Age of Baby’s Father and Pregnancy
To the Point– As fathers age, there is some increased chance for certain birth defects and genetic conditions- specifically conditions that are related to changes in single genes. In general, the overall chance to have a baby with a condition related to these single gene conditions is pretty small and is in most cases expected to be less than 1%. There is nothing dad can do to cause or prevent these conditions. In general, there is not an easy way to test for the conditions that are increased in risk based on dad’s age, however, prenatal ultrasound at 18-20 weeks gestation to evaluate the baby’s growth and development is recommended by the American College of Genetics & Genomics.
So, we talk A LOT about mom and mom’s age during pregnancy. But, dad’s age matters too. There is no consensus on when dad is officially of the age when this increased risk should be discussed. Some providers start talking about dad’s age when he is over 40, some wait until 45 or 50. Regardless, there are some genetic conditions and birth defects that increase in frequency as the father of the baby’s age increases.

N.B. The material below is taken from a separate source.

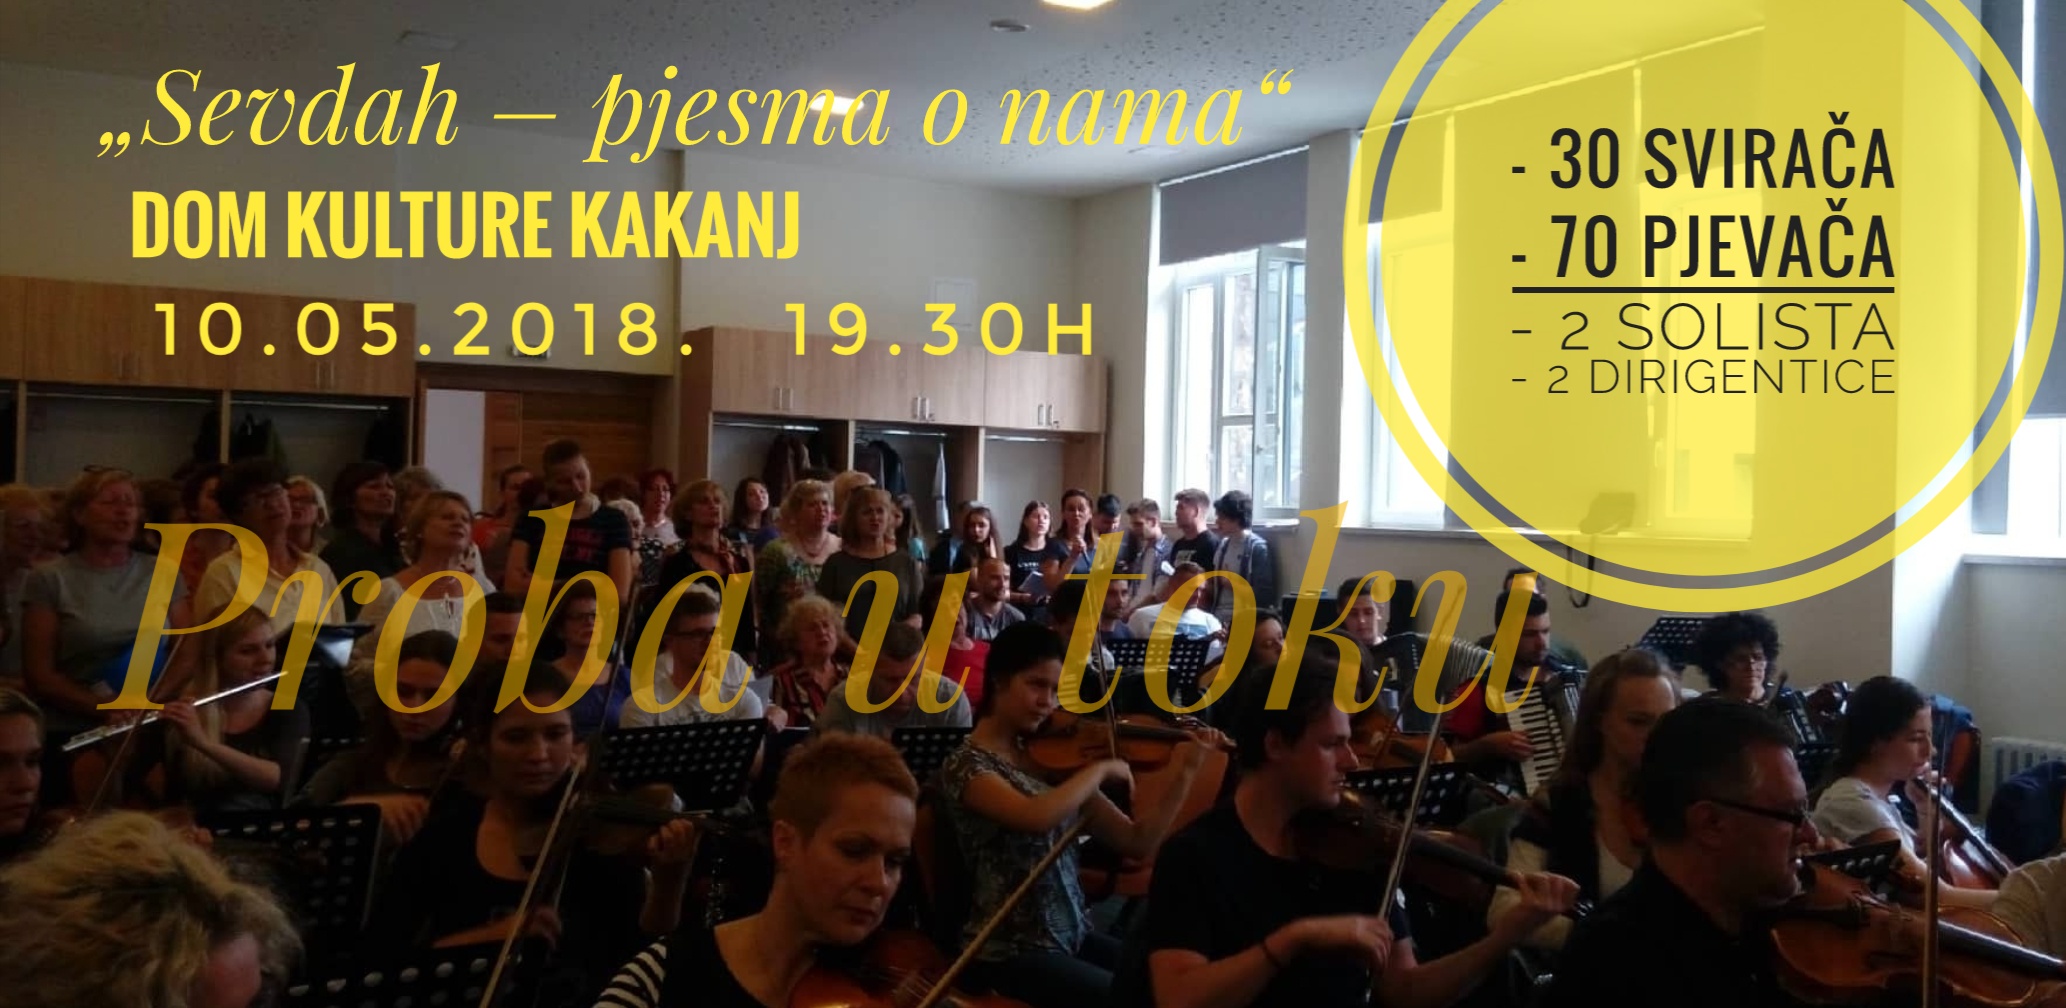 U toku probe za koncert zakazan za 10.5.2018. u Domu kulture Kakanj (u ponedjeljak press): 30 svirača, 70 pjevača, 2 solista, 2 dirigentice

Part of the reason that dad’s age doesn’t receive the same amount of attention as mom’s age is because the type of birth defects that occur more frequently as his age increases are not as easy to detect through prenatal testing. With mom’s age, the conditions that are increased in risk involve a whole extra chromosome (trisomy), which are easily detected by CVS and amniocentesis. In general, the conditions that are increased in risk based on dad’s age involve changes in an individual gene or multiple genes (and it only gets more complicated from there). The bottom line is that there is not an easy way (at least not yet) to offer prenatal testing for most of the conditions that are increased in risk with advanced paternal age.
Be reassured that the increased chances to have a baby with a paternal age-related condition is relatively low, probably less than 1%. Of course, all of these conditions occur in parents of any age and at this time there is nothing we know of that a parent could do to cause or prevent these conditions.
There is not an easy way to test or screen for all of the conditions that are associated with dad’s age. Some but not all genetic conditions can show some sign on prenatal ultrasound between 18-20 weeks.
1) Toriello, H.V., Meck J. M. Statement on guidance for genetic counseling in advanced paternal age. Genet Med 2008:10(6):457–460.